September 27, 2023
Weekly Reflection – The Core Gospel
What is the core of the gospel, or core gospel? There is a joke in English language training about getting “the wrong emphasis on the right syllable.” Verbally it is articulated, “…the wrong EmPHAAsis on the right syLABble” (It doesn’t work as well in written form as in spoken.) Verbally, it is a bit like getting your “tang tungled.” That being said, I wonder if much of the Christian world spends too much of its time focused on emphasizing the wrong theological syLAABle. It seems that we too often focus on precision at the expense of the “important” stuff. We attend to what we should do for God with scant attention to what God has done for us. Here’s what I mean. (And, yes, of course, it eventually takes both.)
The Christian gospel teaches that after a miserable beginning in Eden, God has once again extended to mankind a divine right to “eternal life” (John 3:16). God’s promise of eternal life was facilitated by His incarnational coming in the form of Jesus who lived, died, and rose again. This divine right goes beyond any “human rights” that man might devise or promote. It is the “core gospel.” And it is a pretty big bite for any human to chew on. It screams, “Just believe!” The finer points vis-à-vis the “new covenant” and its tie to Abraham can come later.
Belief in this “core” of good news underpins everything the Christian life entails. It and only it generates the responsorial question, “What must I do?” Jesus’ answer to this question is, of course, the two great commandments, i.e., to love God and to love one’s neighbor. How we are to live out these commandments is presented in the New Testament, but only in the context of God’s gift of divine life.
Today, I hear many conversations about how Christians should live. I hear relatively less of a focus on the “core gospel.” The cause of this may be an overly aggressive emphasis on “precision” analyses of the scriptures. For example, we will wear ourselves out debating which of the several credible translations we should be studying when they are ALL clear on the “core gospel.”
It seems to me that God requires no more of us in today’s enlightened world than He did of the earlier believers in the first centuries of the church, who were simply taken by the message that a man named Jesus had risen from the dead. Not having the canonized scriptures, these early believers were less driven to argue the finer points of systematic theology. Actually, they were probably more concerned with facing wild beasts in the arena! But they believed in the “core gospel,” and it sustained them in their persecution and trials.

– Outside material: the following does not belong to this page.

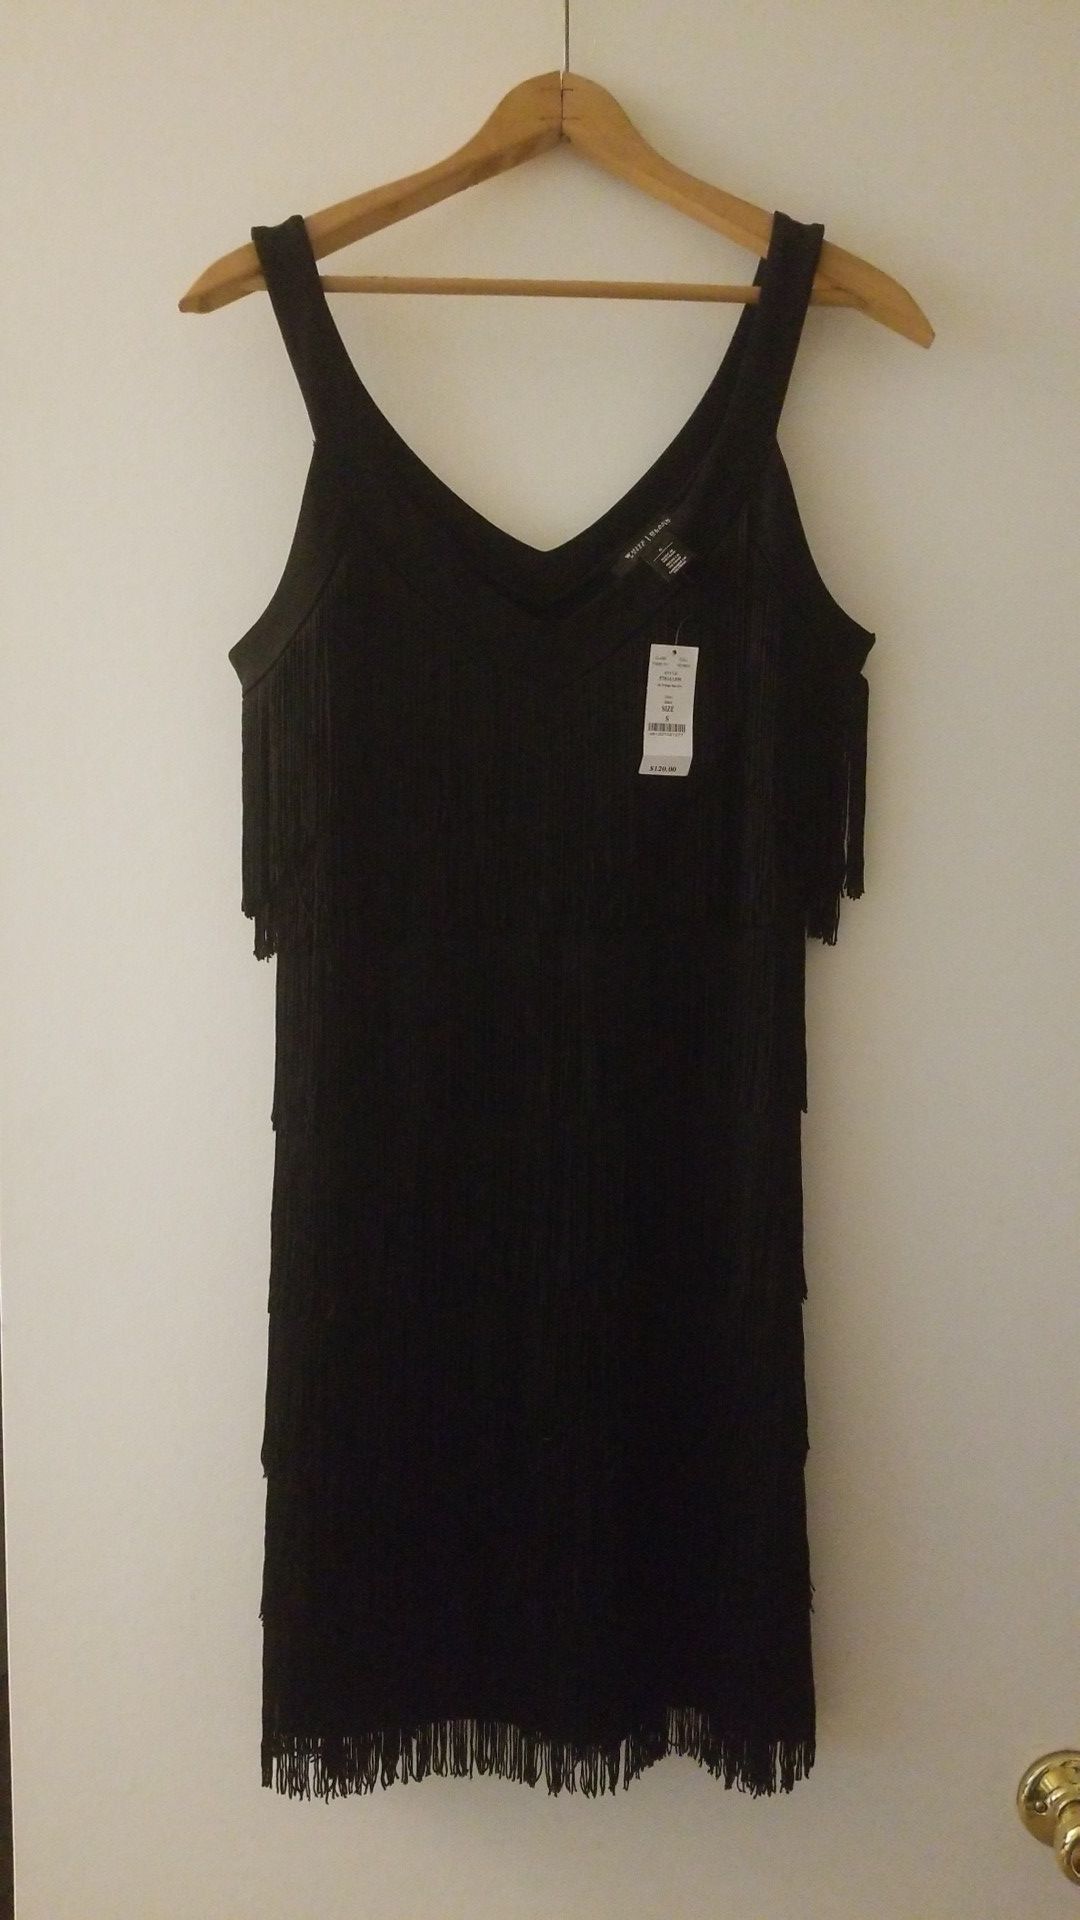 Brand new White House Black Market dress
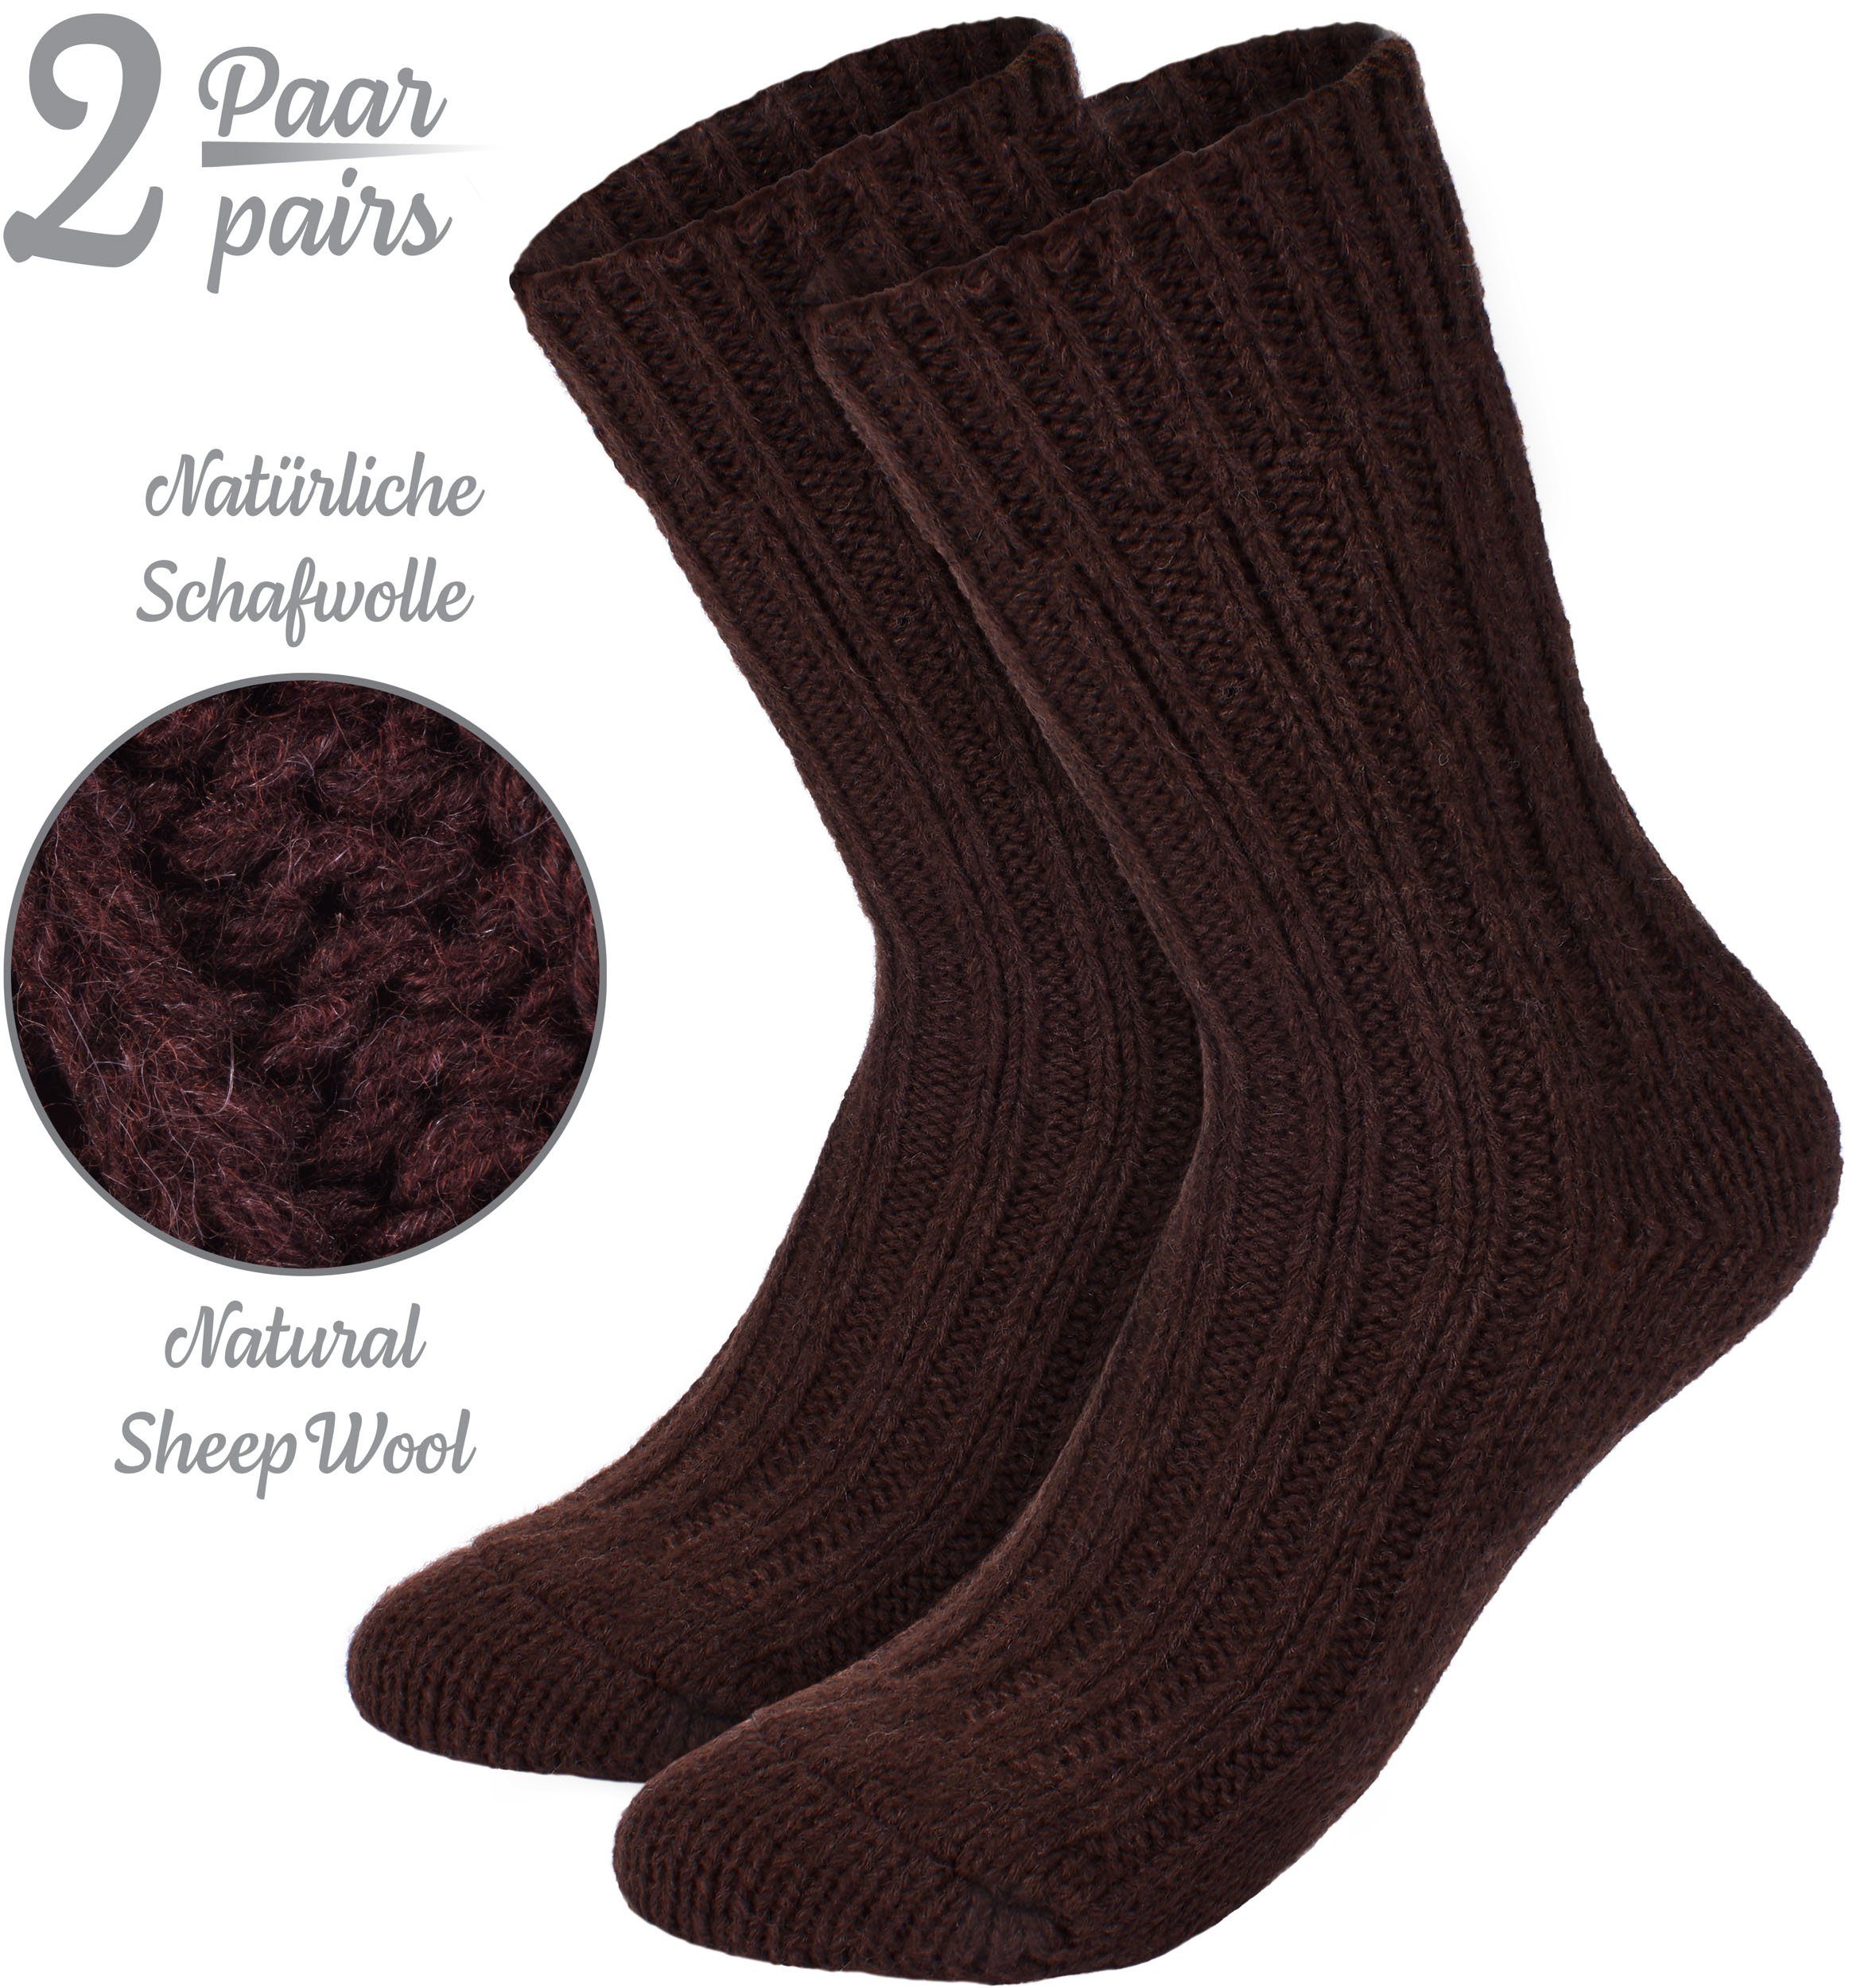 Warm Flauschig Herren Socken Damen Winter Stricksocken (2-Paar) Wintersocken Wollsocken und für mit BRUBAKER - Braun - und Thermosocken - Set Schafwolle

Perhaps an increased emphasis today on the “core gospel” would facilitate a relaxing of some of our less productive cultural and territorial arguments. God might even smile on such a shift! And it could also sustain those believers who, even today, are being forced to face new forms of persecution. Let’s emphasize the right “syLAABle!”
Blessings and peace,
Disclaimer statement: Please note that the opinions expressed herein are those of the Chaplain alone and are based on his personal understanding of scripture and how God works in our lives.